RAW DATA:
---+---

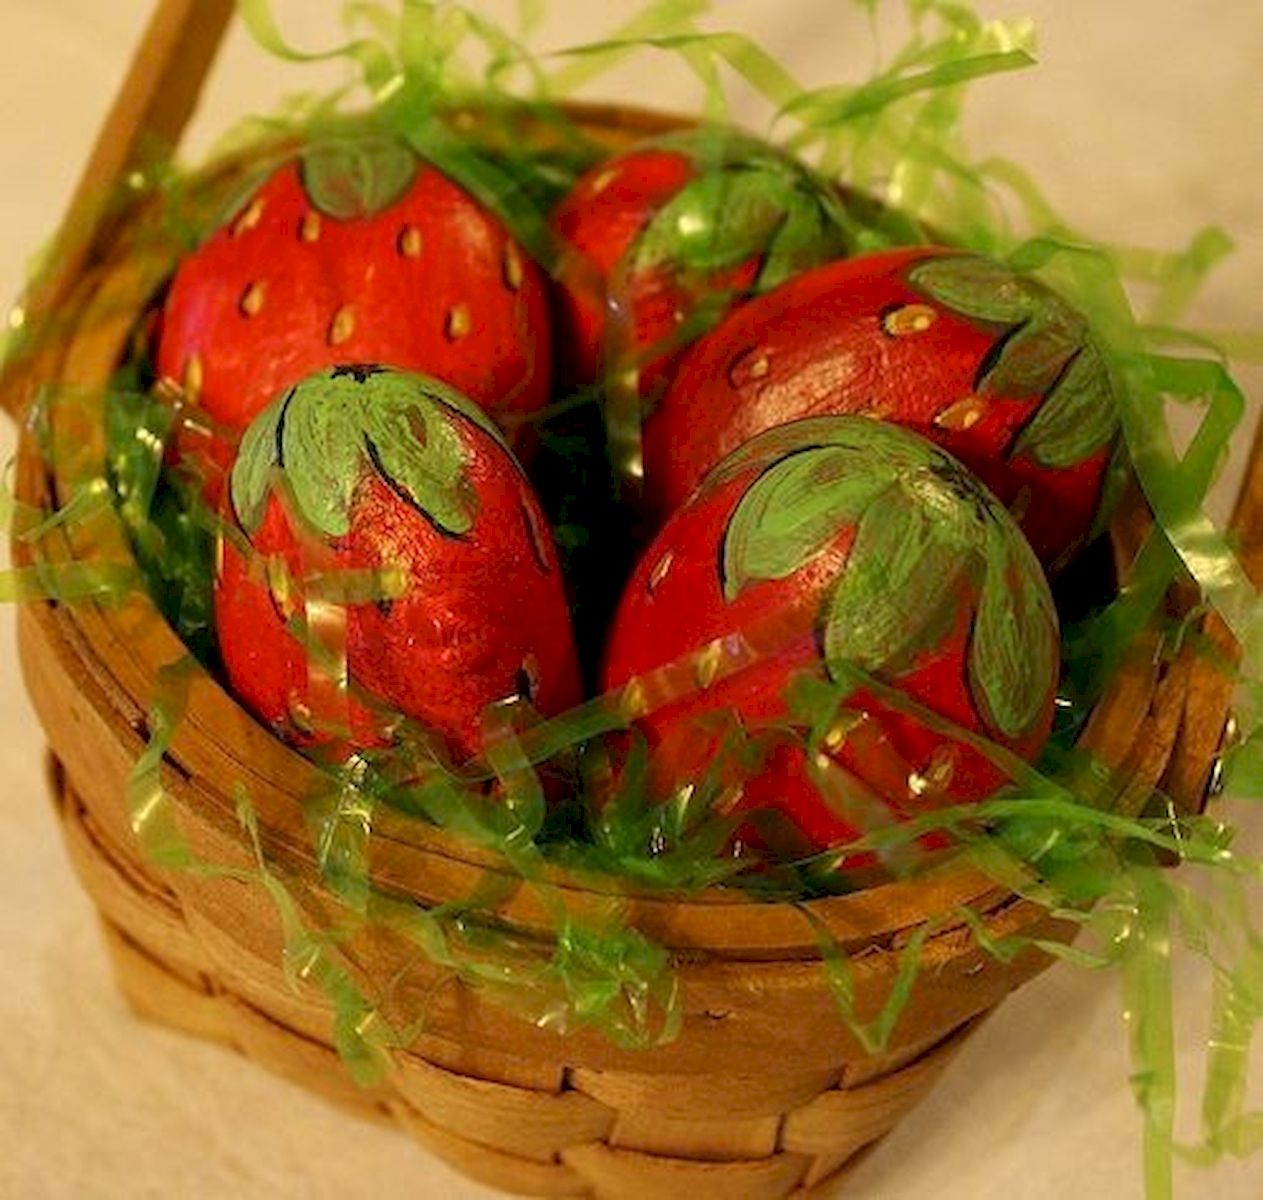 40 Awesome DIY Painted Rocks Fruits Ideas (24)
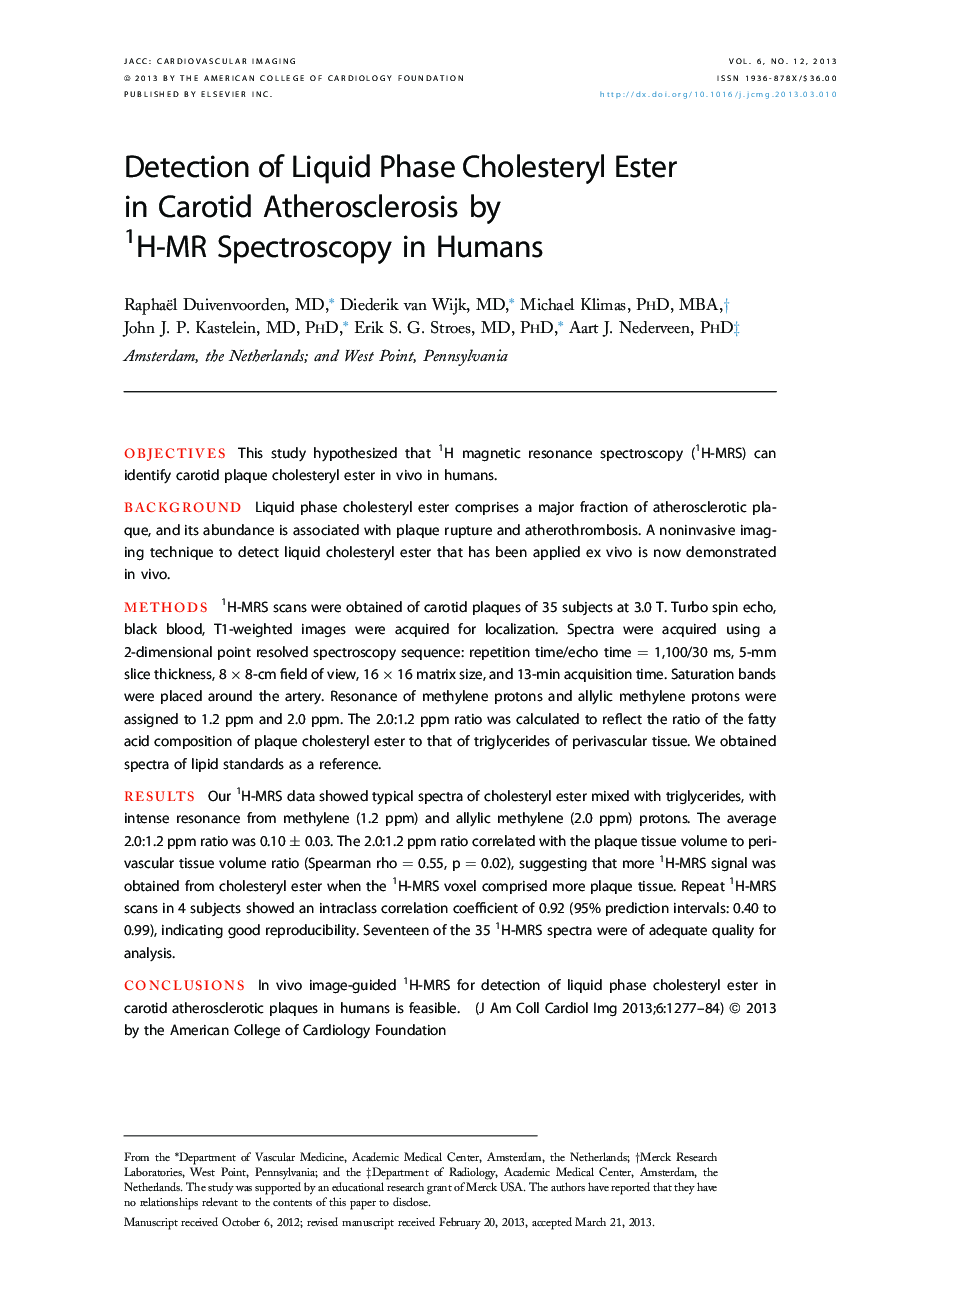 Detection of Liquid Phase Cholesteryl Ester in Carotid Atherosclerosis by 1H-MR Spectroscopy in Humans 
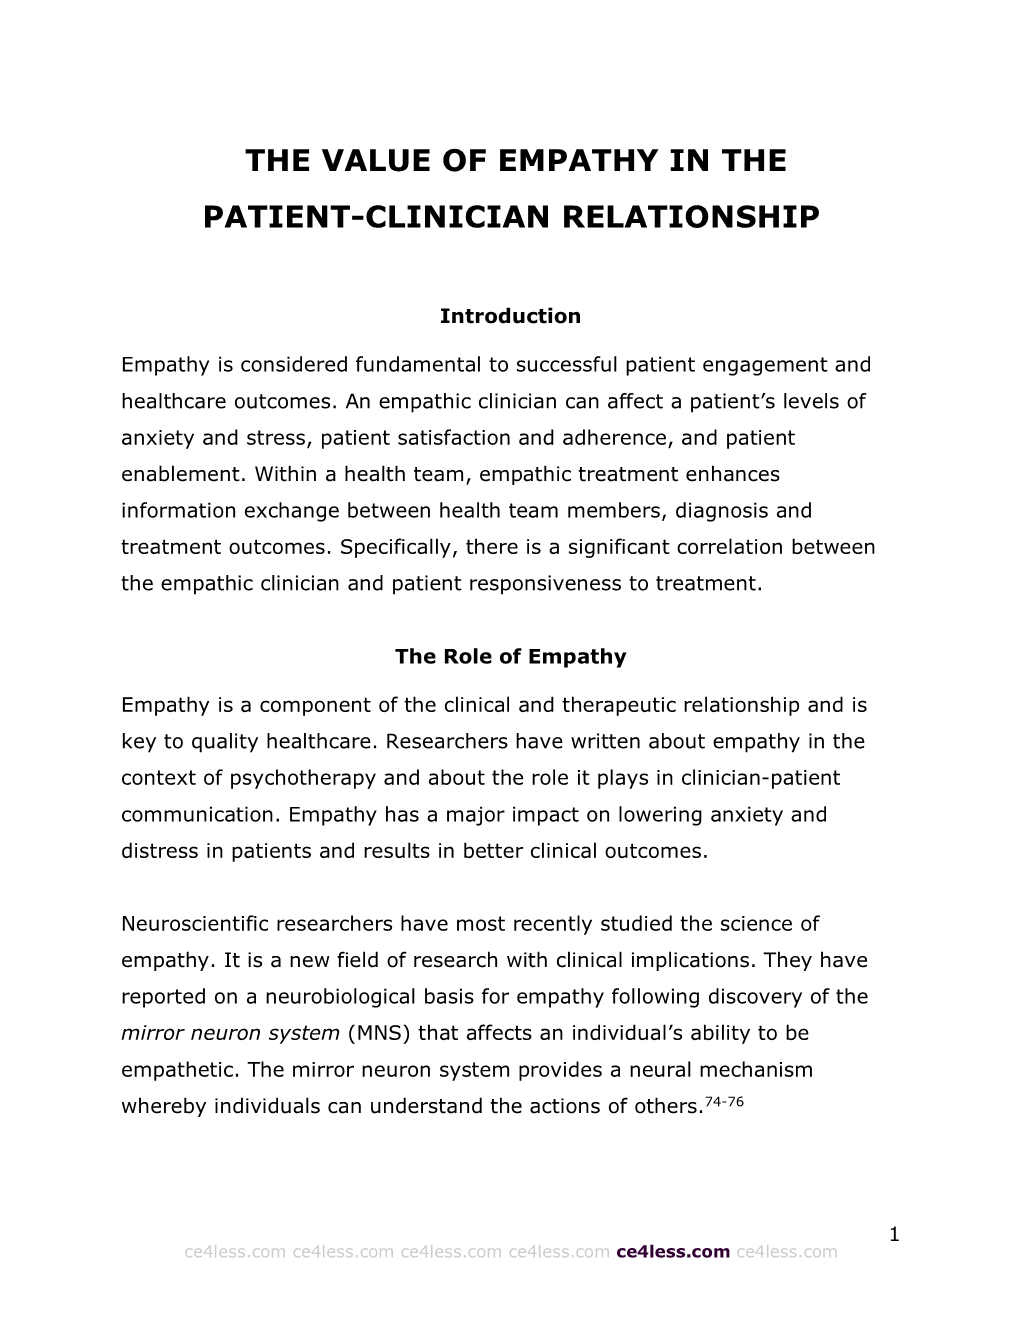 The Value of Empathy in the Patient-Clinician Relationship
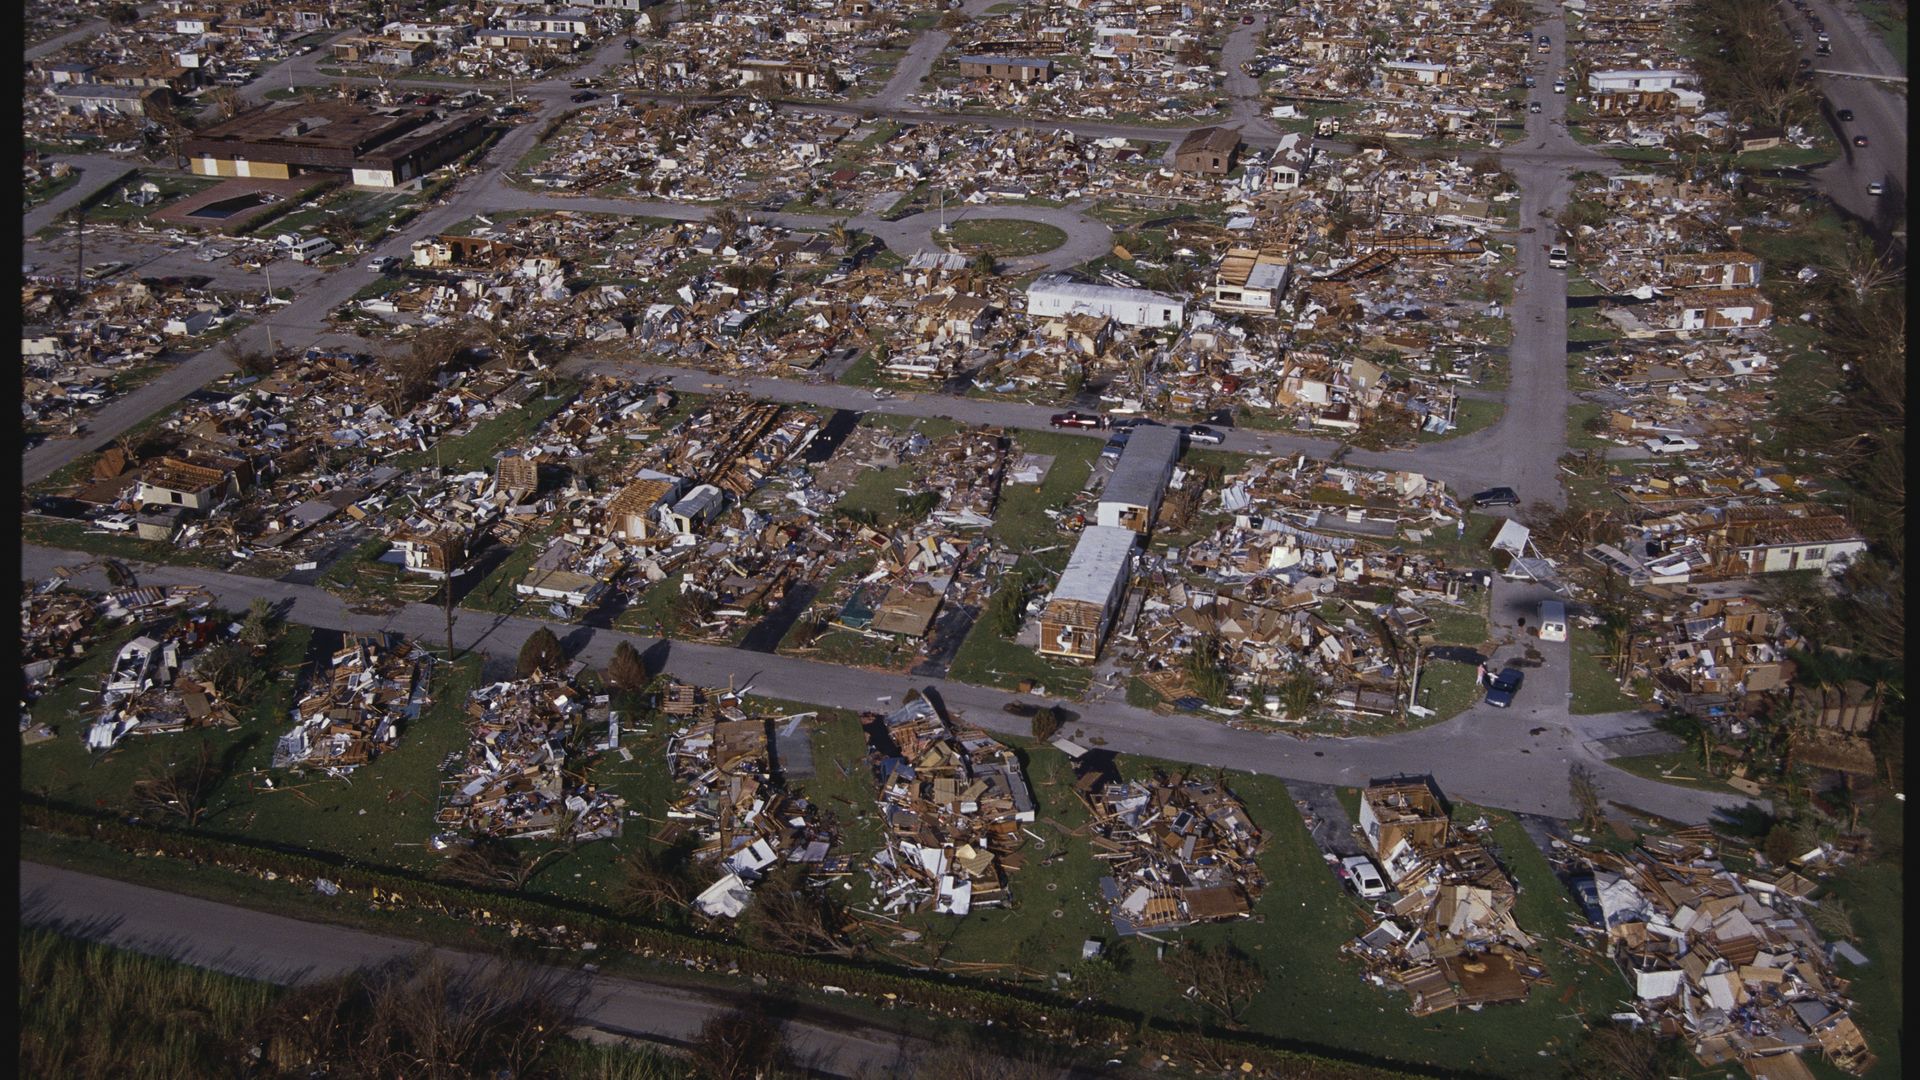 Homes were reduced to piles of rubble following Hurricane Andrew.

---+---

WORK TO BE COMPLETED: All that is wanted is the lines from the one holding "The Value of" through the end of the material, duplicated exactly, with no pictures.

EXERCISE RESPONSE:
 The Value of Empathy in the Patient-Clinician Relationship
 Homes were reduced to piles of rubble following Hurricane Andrew.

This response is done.